Unlike Sgt. Pepper’s embracement and fascination with the psychedelic world, Their Satanic Majesties Request is a bit more skeptical about it. With songs like 2000 Light Years from Home, we get a glimpse into the inner isolation aspect of the hallucinogenic drugs as opposed to the communal sharing; which we know is a documented path. In fact, it’s a direct precursor to songs like Space Oddity or Rocket Man dealing with the same subject; the difference being that the Stones foresaw that the summer-of-love thing would not last forever while they were right in the midst of it. Likewise, the imagery of In Another Land fools us into thinking it’s gonna be yet another by-the-numbers psychedelic song until the chorus arrives: “Then I awoke / Was this some kind of joke?”

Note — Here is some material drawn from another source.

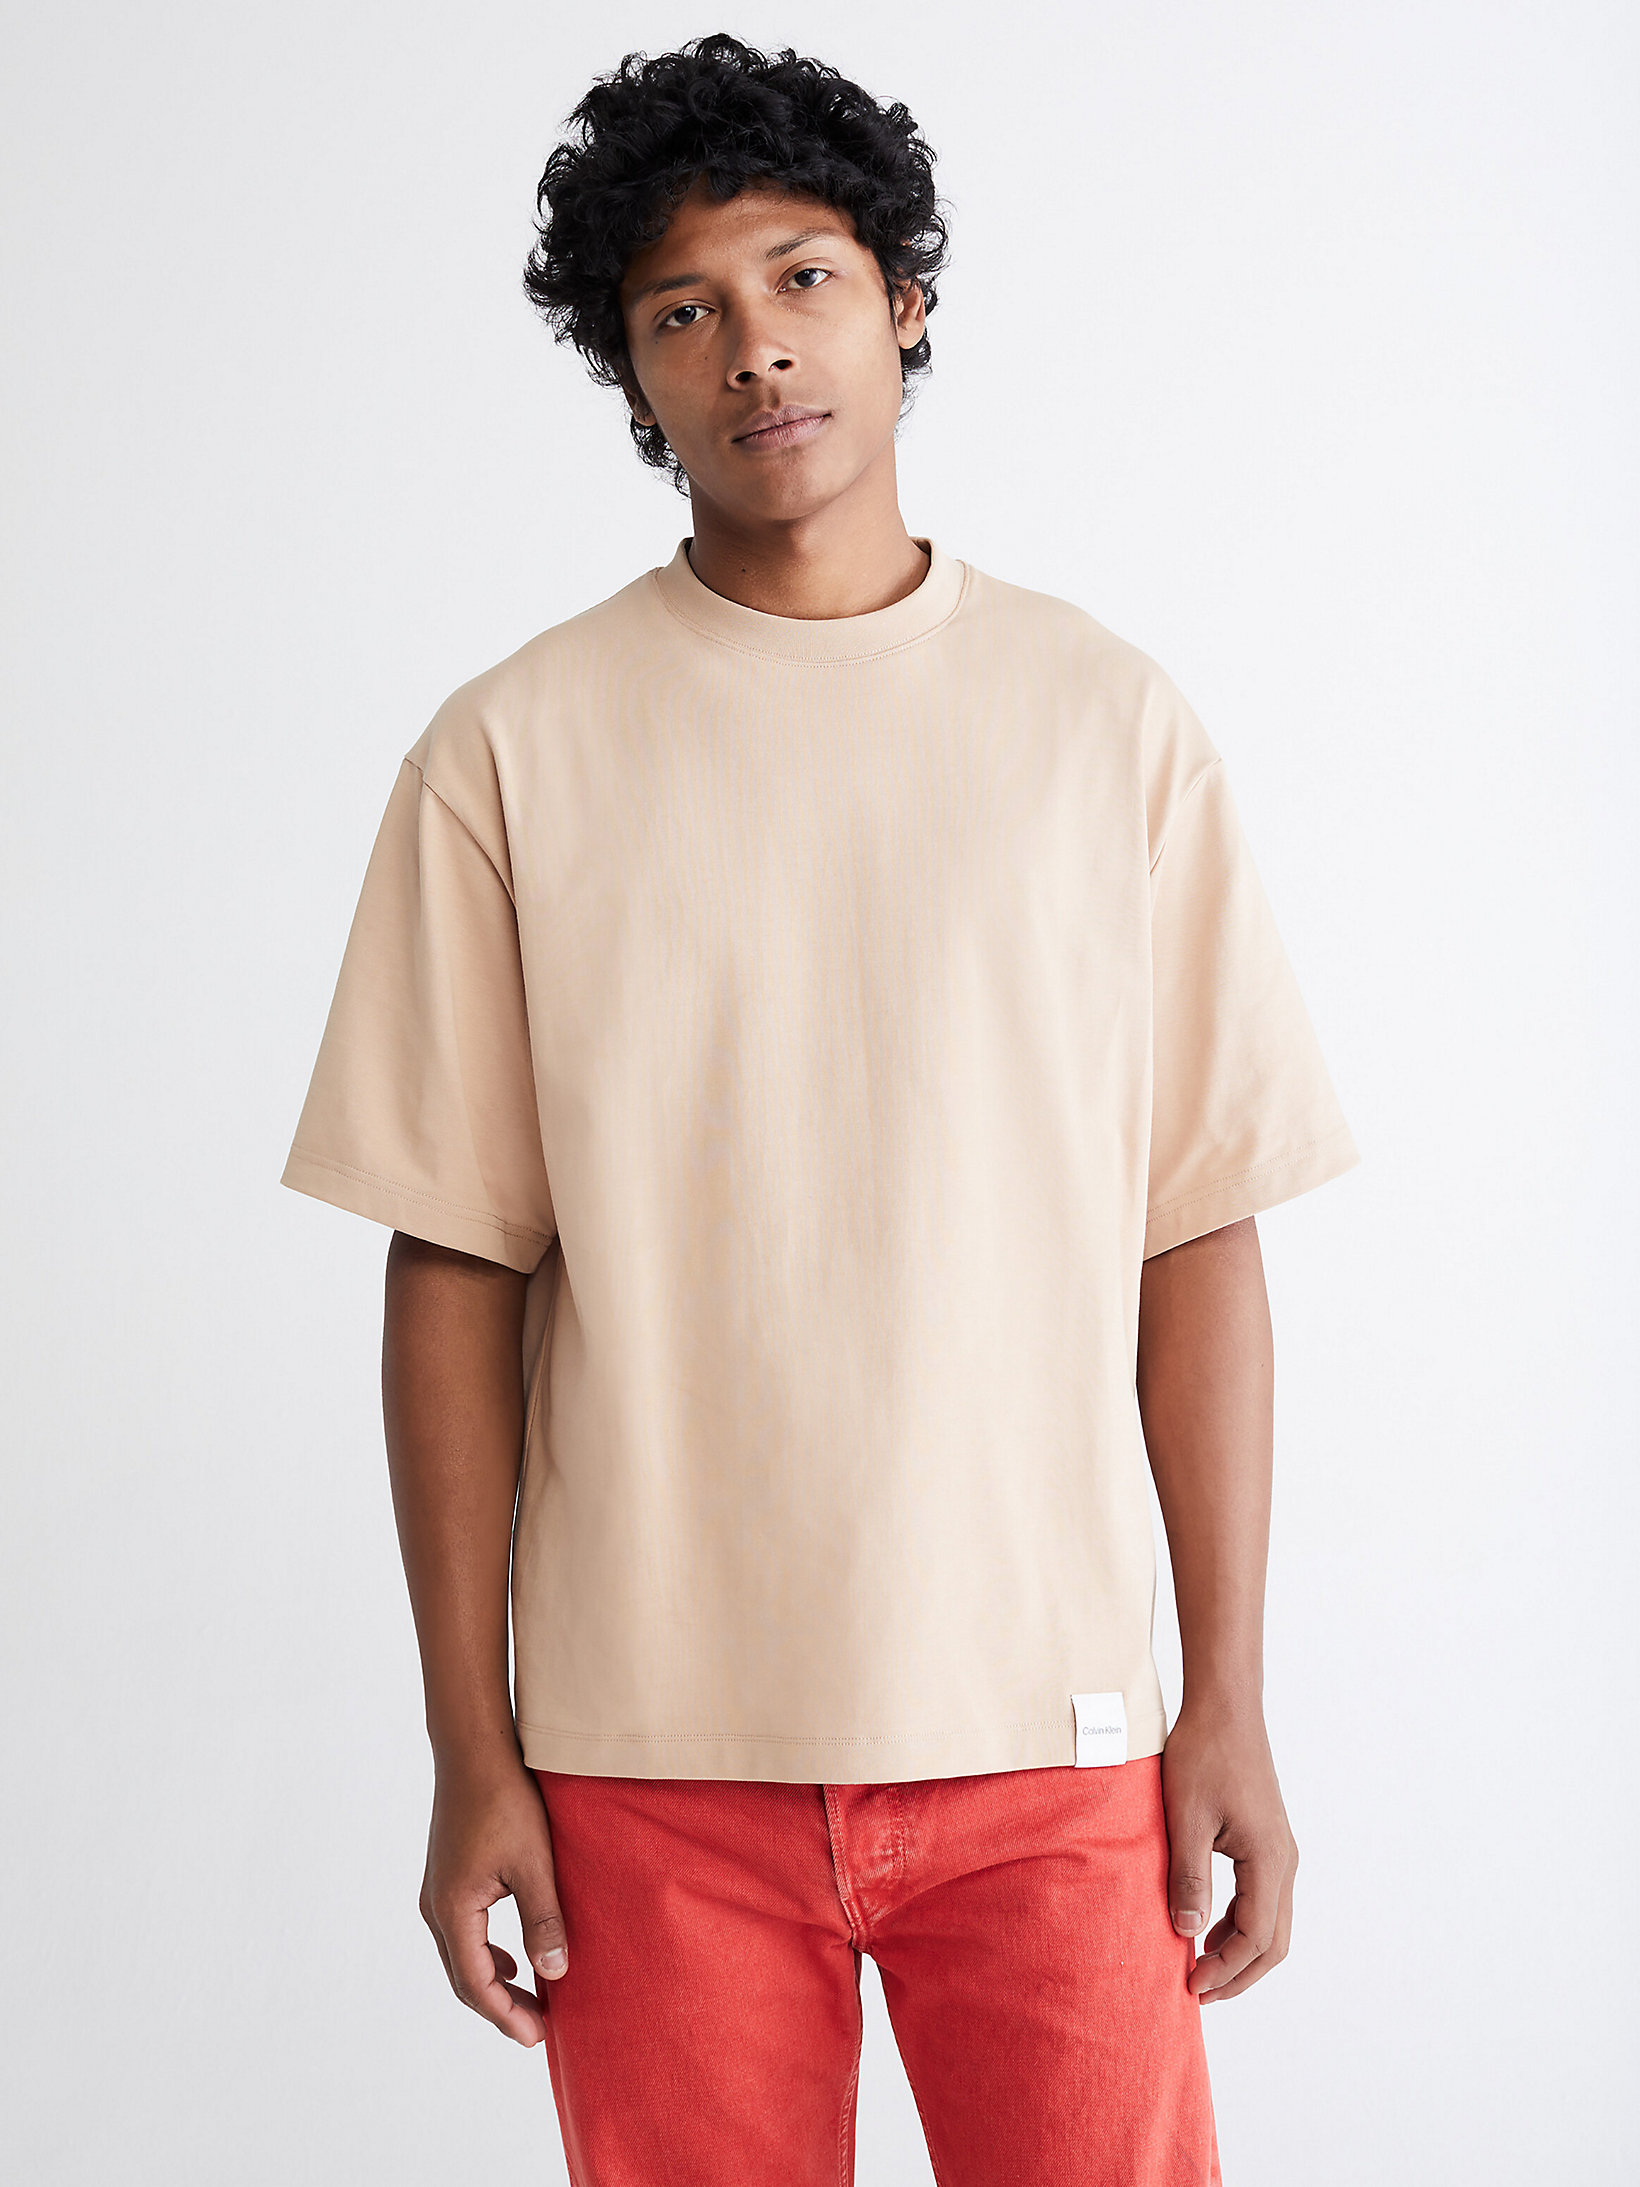 Sandrift Unisex Relaxed T-Shirt - CK Standards undefined men Calvin Klein

The reason why I’m stating all this is to bust the myth that The Stones’ infamous psychedelic album is a mere copy or parody of The Beatles’ Sgt. Pepper’s Lonely Hearts Club Band. Yes, there are things in common such as On with the Show closing the album and giving it a feeling similar to what the title track did on Pepper. And The Beatles’ faces buried in the colorful landscape of the cover art is definitely a direct nod. But on the whole Satanic is essentially The Stones’ take on psychedelia – much more dark and rocking (Citadel, anyone?) that The Beatles’ take. There are reasons for both to co-exist, in the same way that Norwegian Wood coming before Paint It, Black does not make the latter redundant. Plus, who wasn’t influenced by Sgt. Pepper back then?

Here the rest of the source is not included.